RAW DATA:
((
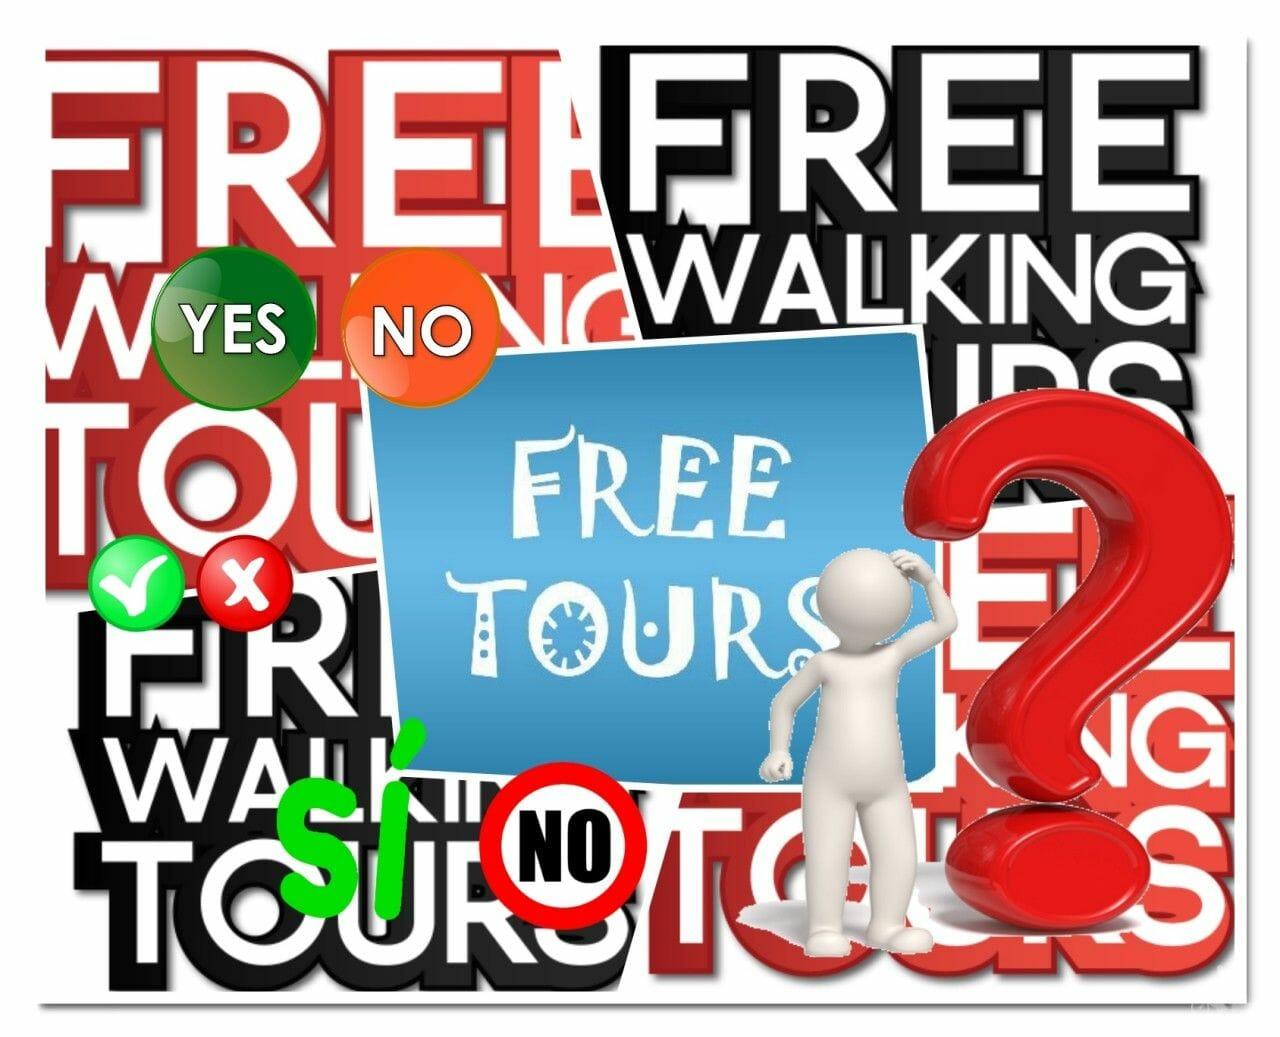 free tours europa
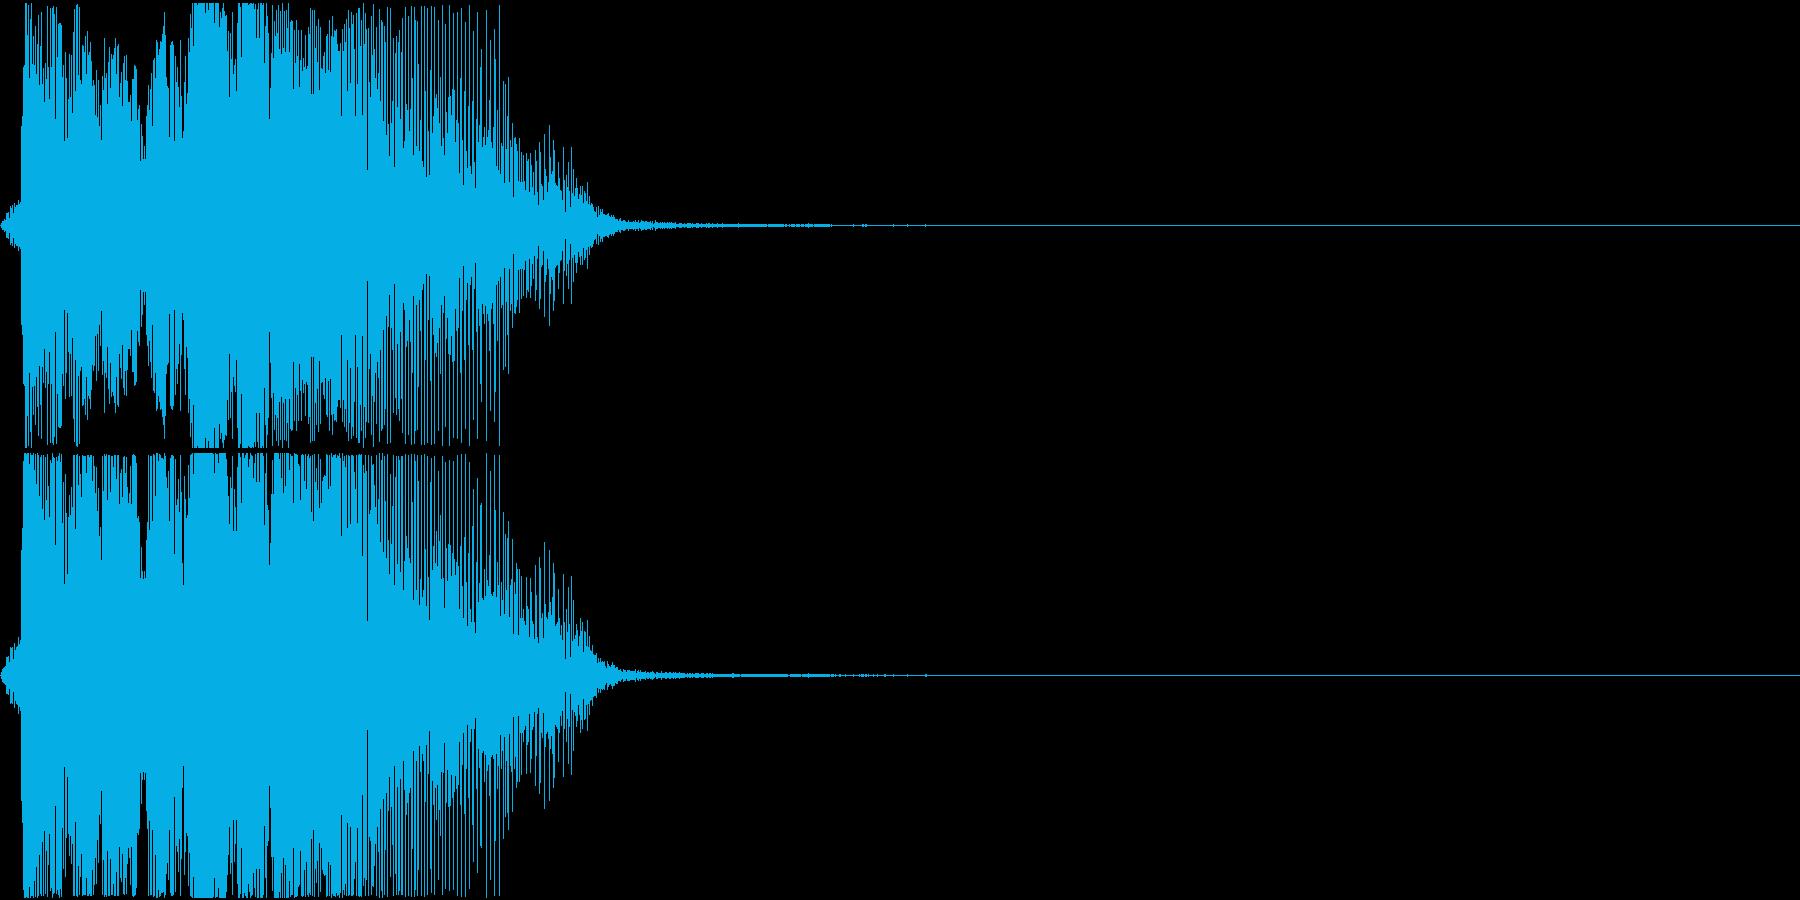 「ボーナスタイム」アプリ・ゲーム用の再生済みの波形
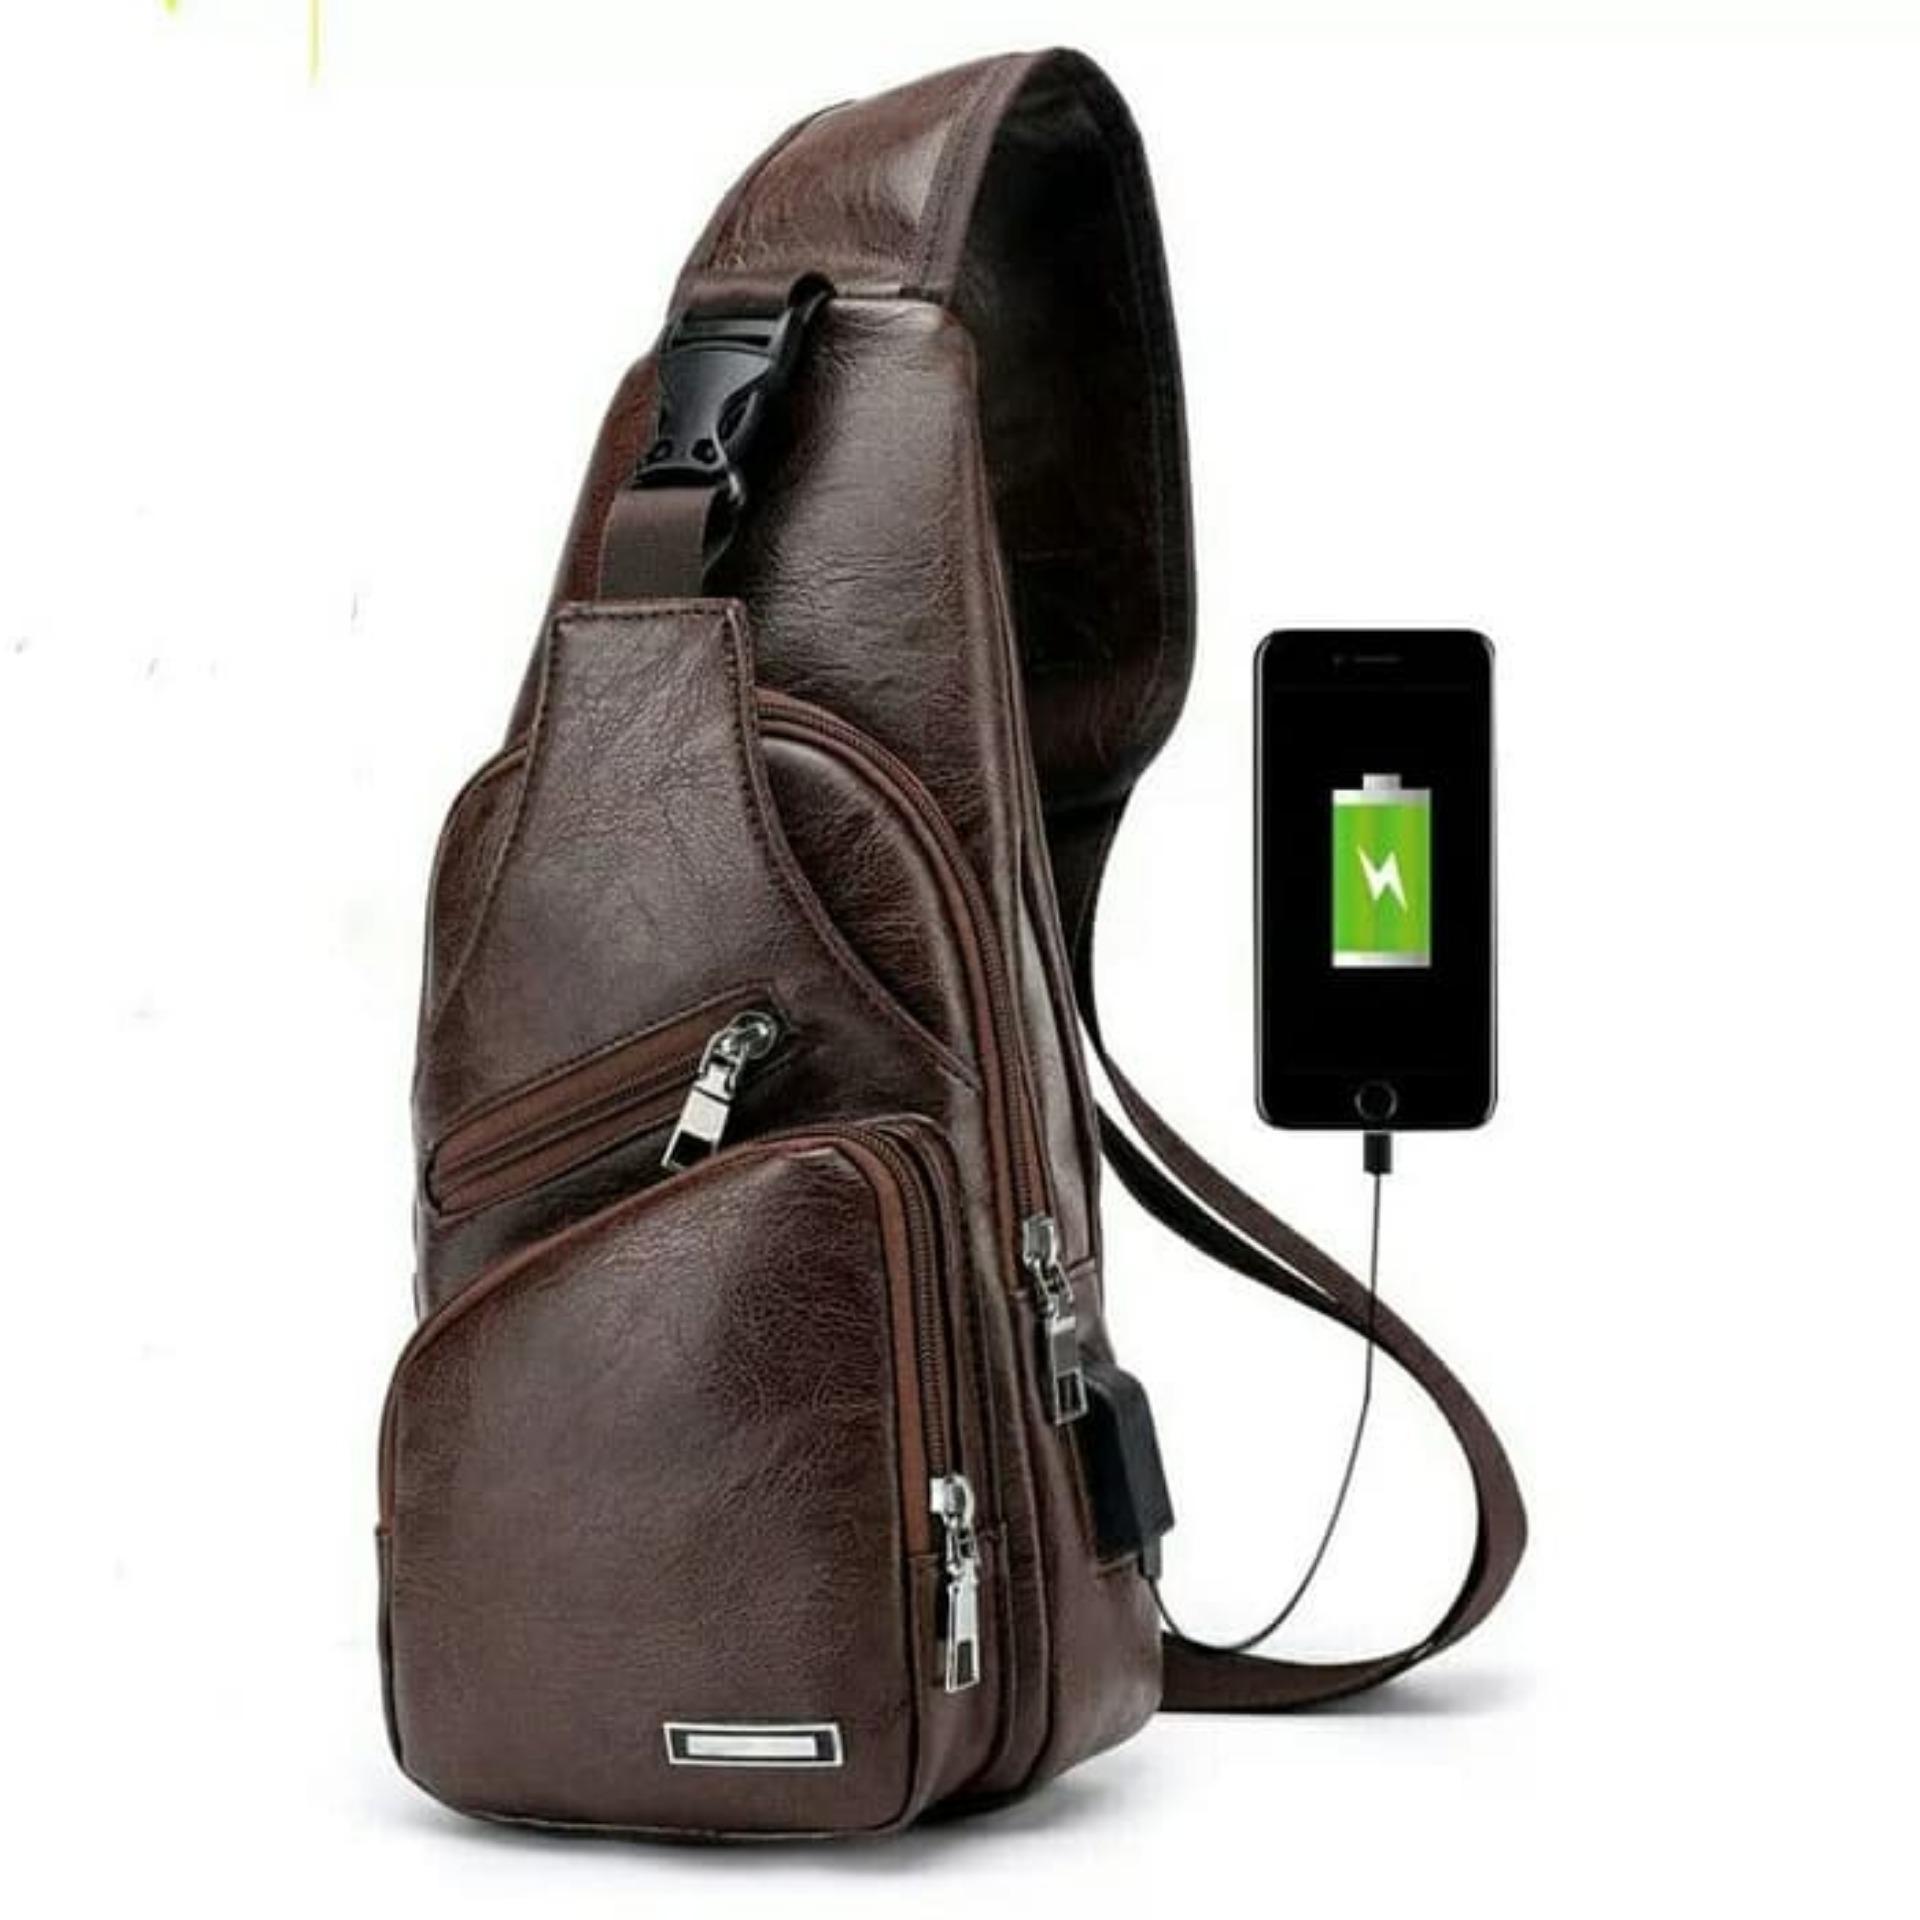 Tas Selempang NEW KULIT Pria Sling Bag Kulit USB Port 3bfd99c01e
))
Write the listing out a second time exactly, dropping all images.

 free tours europa
 「ボーナスタイム」アプリ・ゲーム用の再生済みの波形
 Tas Selempang NEW KULIT Pria Sling Bag Kulit USB Port 3bfd99c01e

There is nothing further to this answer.